The first factor, namely heavy electron doping, shapes the fermiology into that best for the intrinsic electron pairing mechanism to act [17]. Concerning the intrinsic pairing mechanism there are two main candidates: the spin [18–23] and orbital [24] fluctuations mediated pairing. However, these proposals are based on approximations that are often not controlled in the presence of strong correlations. By now there are mounting experimental [25–27] and theoretical [28–30] evidences that iron-based superconductors, in particular the iron-chalcogenide superconductors, are strongly correlated. Thus, a theoretical method free of uncontrolled approximations suitable for handling such situation is in high demand.

An experiment that sheds lots of light on the second factor, i.e., the effects of substrate, is the ARPES result of Ref. [15], which shows “replica bands” approximately 100 meV away from all low binding energy bands.
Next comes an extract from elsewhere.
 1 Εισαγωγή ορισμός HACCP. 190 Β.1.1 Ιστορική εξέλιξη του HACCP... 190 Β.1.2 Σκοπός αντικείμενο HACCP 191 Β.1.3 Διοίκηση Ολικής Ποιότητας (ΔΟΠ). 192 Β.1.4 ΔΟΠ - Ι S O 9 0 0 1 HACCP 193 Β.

Such phenomenon is explained in terms of “phonon shake off”, and the phonons are identified with the longitudinal optical phonon branch of STO [15, 16]. This result suggests there is a strong coupling between the FeSe electrons and STO phonons. Moreover, it is conjectured that such coupling can substantially enhance the *T*_{c} intrinsic to heavily electron doped FeSe [15, 16].
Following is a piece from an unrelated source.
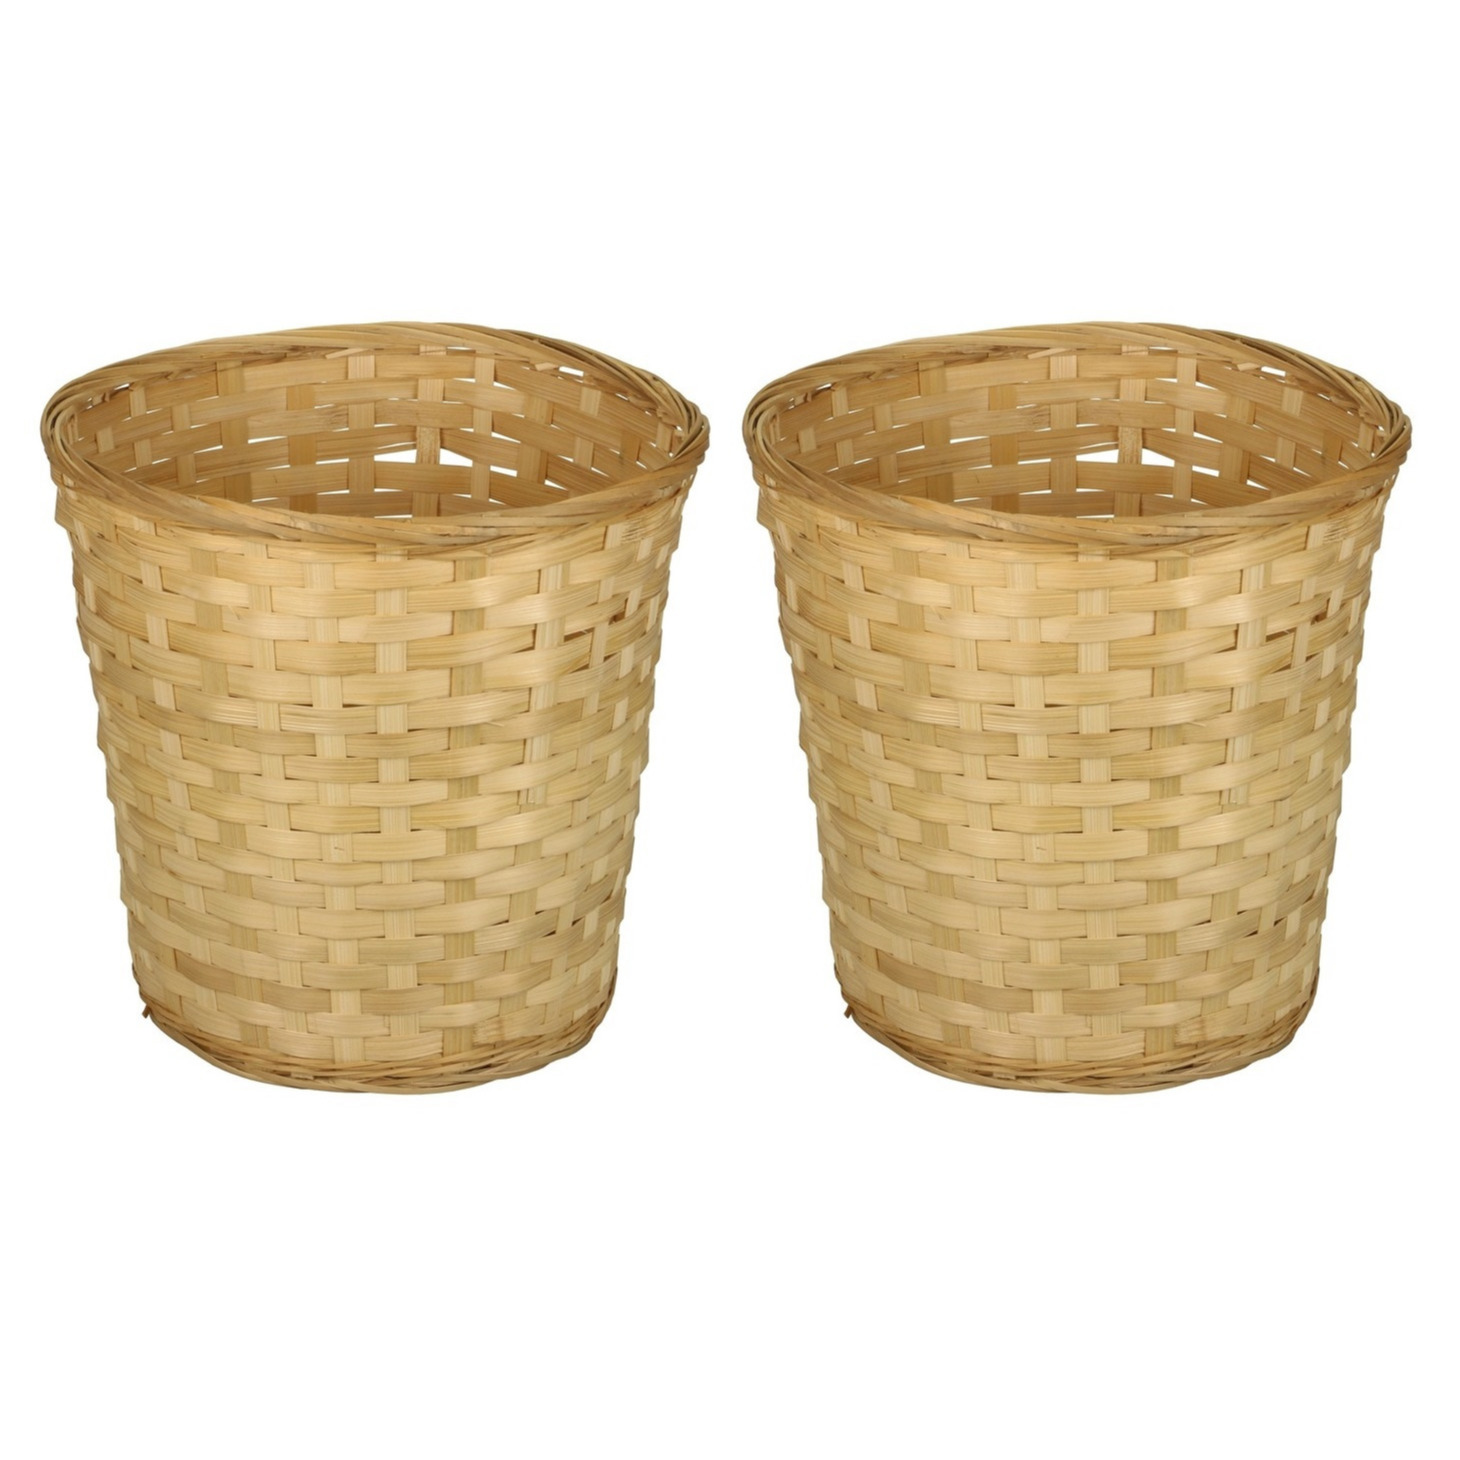 Pakket van 4x stuks ronde rieten-bamboe decoratie mandjes-manden 26 x 24 cm

In the rest of the paper, we perform large-scale projector quantum Monte Carlo (QMC) [31–33] simulation (details are discussed in Ref. [34]). It turns out that the fermiology, namely the existence of two separate electron Fermi pockets, of (FeSe)_{1}/STO allows the simulation to be free of the fermion minus sign problem. This enables us to perform approximation-free unbiased study of the intrinsic electronic pairing mechanisms, namely, the antiferromagnetic (AFM) and antiferro-orbital (AFO) fluctuation mediated pairing. It also allows us to study the effects of electron–phonon interaction between FeSe and STO [16] and nematic fluctuations [35, 36] on *T*_{c}.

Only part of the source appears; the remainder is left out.